MA Zhen Rong, SUN Xi, ZHENG Wen Xiao, LI Xuan Wu, ZHANG Ni, HUANG Ye Hong, LU Bin, LI Zhuo Lin, NOUHOUM Di Bo, YU Xin Ling, ZHOU Jie, CHEN Hong Zhi, YANG Xue Xian, WU Xiang. Schistosoma japonicum Eggs Exerts Protective Effects in an Experimental Ulcerative Colitis Model[J]. Biomedical and Environmental Sciences, 2022, 35(11): 1085-1089. doi: 10.3967/bes2022.138
Citation: MA Zhen Rong, SUN Xi, ZHENG Wen Xiao, LI Xuan Wu, ZHANG Ni, HUANG Ye Hong, LU Bin, LI Zhuo Lin, NOUHOUM Di Bo, YU Xin Ling, ZHOU Jie, CHEN Hong Zhi, YANG Xue Xian, WU Xiang. Schistosoma japonicum Eggs Exerts Protective Effects in an Experimental Ulcerative Colitis Model[J]. Biomedical and Environmental Sciences, 2022, 35(11): 1085-1089. doi: 10.3967/bes2022.138
  • Ulcerative colitis (UC) is a chronic inflammatory disease affecting the colon, with an increasing incidence worldwide. Disease pathogenesis is multifactorial and involves genetic predisposition, epithelial barrier defects, dysregulated immune responses, and environmental factors [1,2]. Long-standing UC leads to several complications such as megacolon, inflammation of the eye and joints, and/or colon cancer [3]. Eaden et al. revealed that 25-year chronic UC increases colorectal cancer risk by as much as 34% [4]. Their study further indicated that UC etiology is related to the environment, gene variation, intestinal microflora, and altered immune response, but precise mechanisms and pathogenesis remain unclear. Several drugs and surgical approaches are used to treat UC, but may present drug resistance issues or severe side effects [5]. Therefore, novel UC treatments are demanded.
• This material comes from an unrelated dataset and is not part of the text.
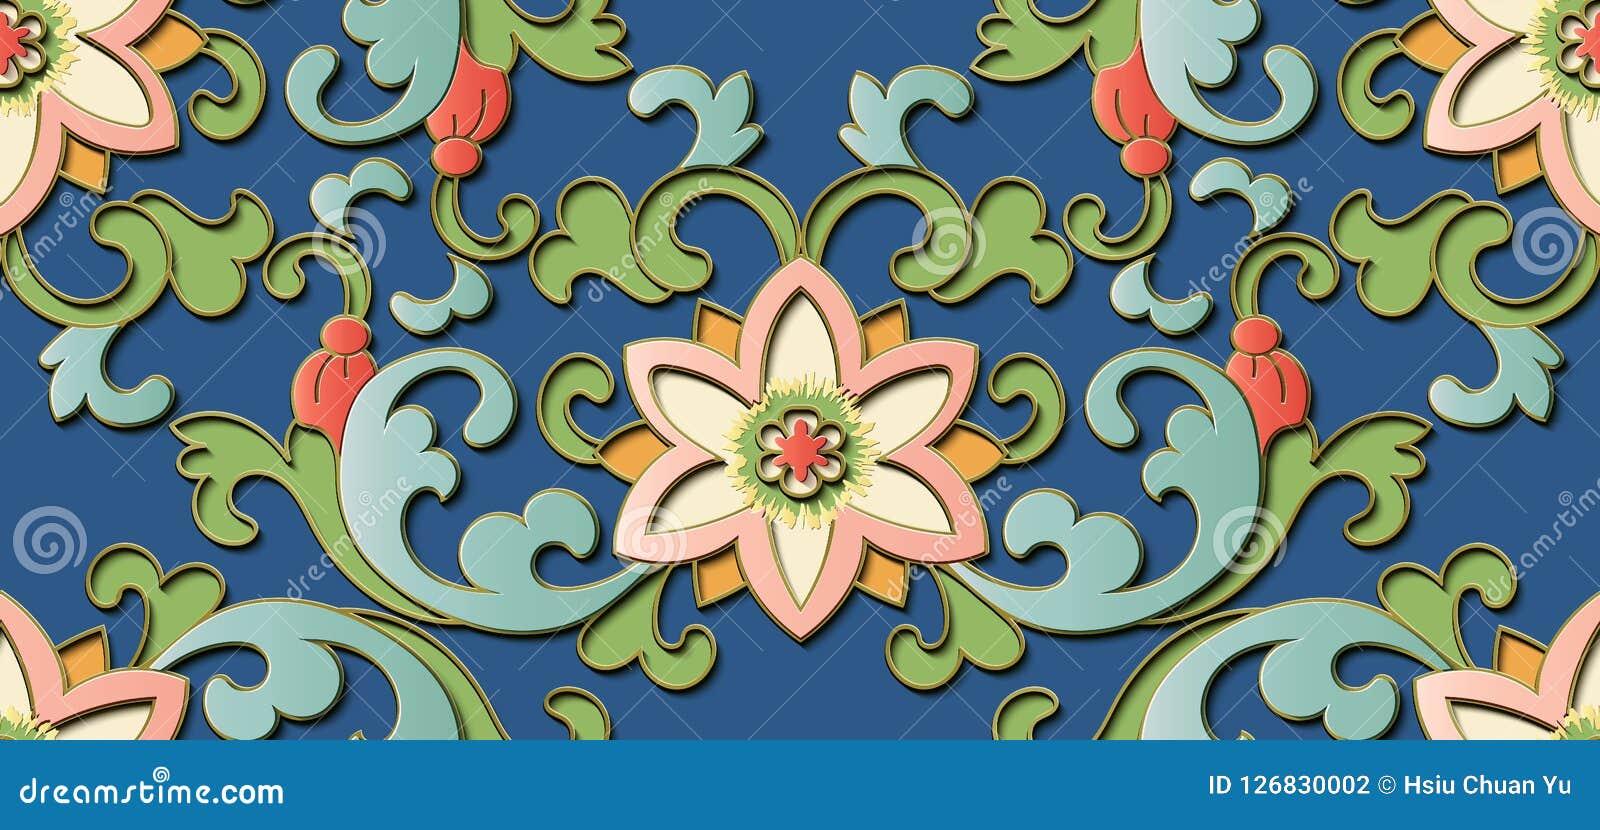 Seamless relief sculpture decoration retro pattern Chinese botanic garden flower leaf spiral cross vine

    Based on Strachan’s hygiene hypothesis, the possible protective effects of parasites in autoimmune disease have been explored. It is generally accepted that early exposure to helminths promote Th2-type immune responses, which may prevent excessive Th1-type inflammatory reactions which cause autoimmune disease in genetically predisposed individuals [6]. Recent research has indicated that balancing Treg/Th17 status is a key factor in UC development [7].

    Schistosoma japonicum, one of the five major schistosoma species, infects humans. The adult worm lives in the host’s liver-portal system and mesenteric vein. Studies have reported that S. japonicum elicits pathological damage in UC [1,8]. In this study, we compared the prognosis and differential mechanisms between pre-existing S. japonicum eggs (pre-infection) and intervention in the acute phase of dextran sulfate sodium (DSS)-induced colitis (post-infection).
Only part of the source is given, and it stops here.